Intro by Adam Pranica

One really interesting property of the war film genre is just how flexible it is as a place for storytelling. On Friendly Fire we have seen a large number of straight-ahead linear ”drive tank A to fort B” or ”shoot these guns from this trench at that trench over there” films, but some of our favorite films take ingredients from across genres and combine them into something really special. We have seen ”train escape” war film, we have seen ”break out of prison” war film, he have seen ”heist” war film and ”spy” war film and so many others, but Night of the Generals is a hell of a combination in this regard, a murder mystery in a war film.

It makes me wonder what other genre gems are waiting for us on our show. Romantic comedy war film? Horror war film? Summer camp coming of age film? The mind reels! And it isn't just a combination of genres that makes this film so astounding, it is the combination of actors involved. If you have only ever seen Peter O'Toole in Lawrence of Arabia, get ready to watch him order an entire Warsaw city block level by tanks and flamethrowers. And don’t get me started on Omar Sharif here, playing a totally understated investigator who spends decades chasing down the murderer of some prostitutes from a group of suspects, including O’Toole, Tom Courtenay and Donald Pleasence.

In addition to the film being a commingling of genres, it is also a weaving together of films about the same thing, as Night of the Generals joins Valkyrie in constructing the tapestry of Hitler's attempted assassination that elevates both stories.

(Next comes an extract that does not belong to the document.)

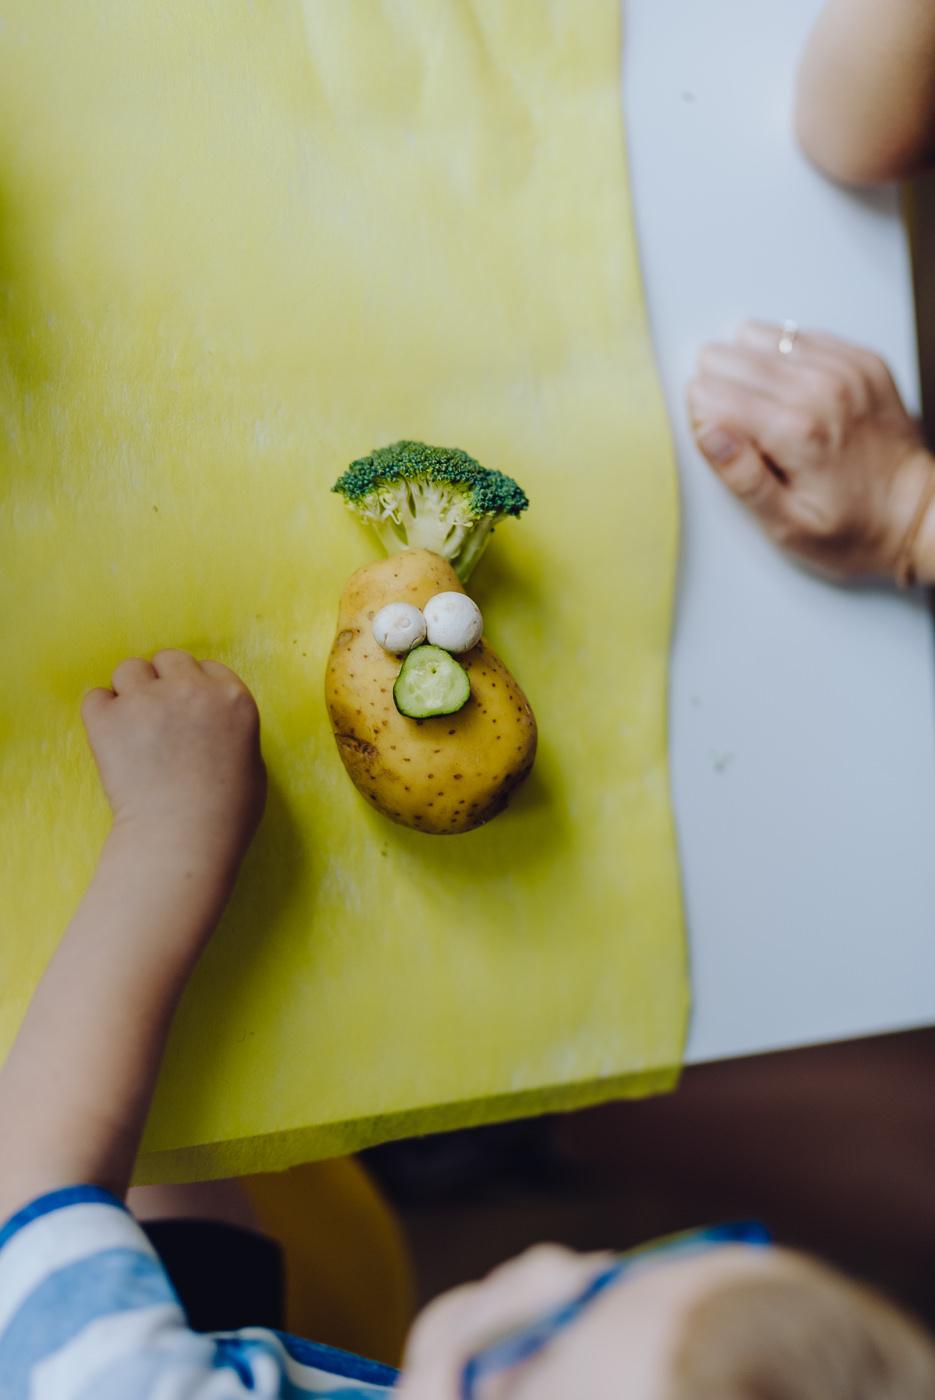 Zajęcia z ziemniakiem
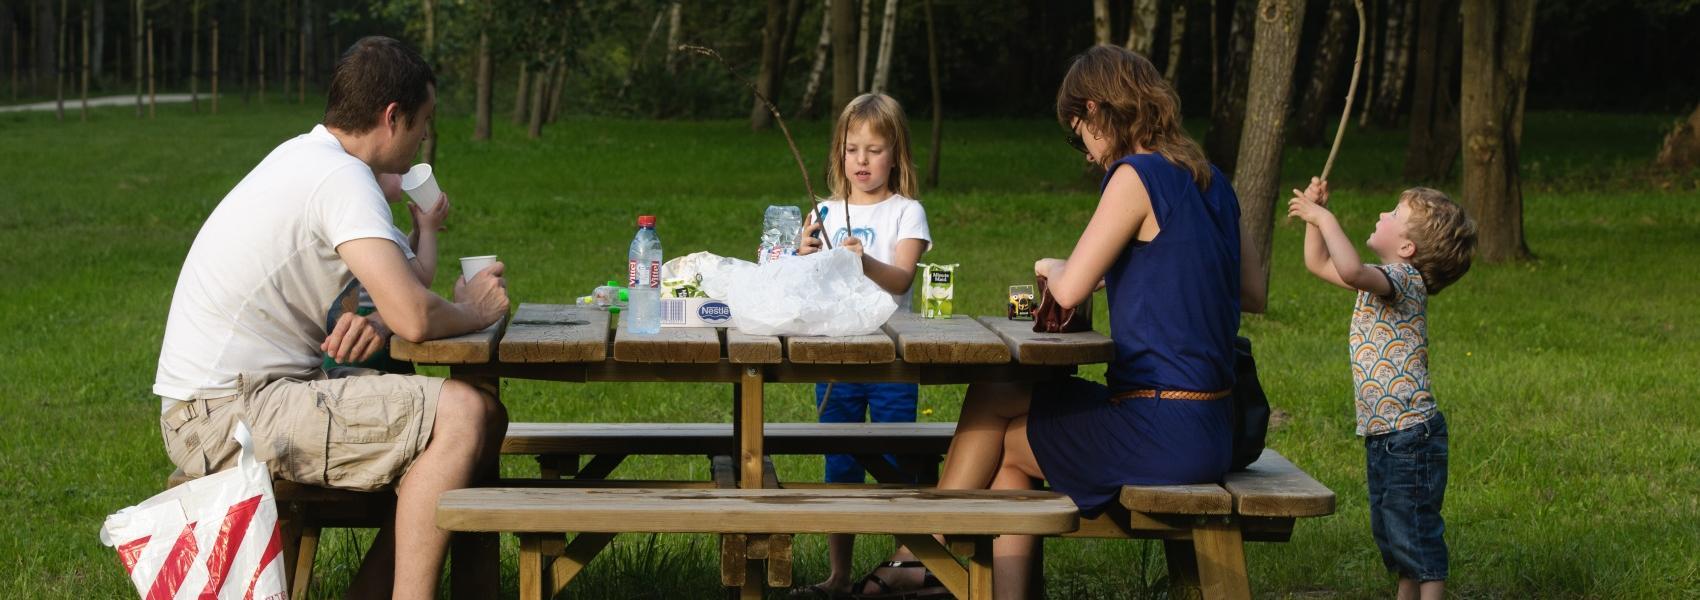 gezin op picknickbank

When a war film makes you focus on the characters instead of the sides of the conflict it is bound to force you to make some hard choices. For bennets! Why do I have to choose only one of these Nazis to root for? But that is the magic here: They are all bad guys and yet you want justice to be served. You want the worst Nazi to be punished by the good Nazi and then everyone to go to Nuremberg to stand trial and then be in prison there forever.

What does justice look like when it is dispensed by an imperfect adjudicator? What qualifies as murder during wartime? Who brings a gun to a dinner party? ”Patience is one of the few virtues I possess!”, as we answer all of these questions and more while discussing the 1967 Anatole Litvak murder mystery war film The Night of the Generals.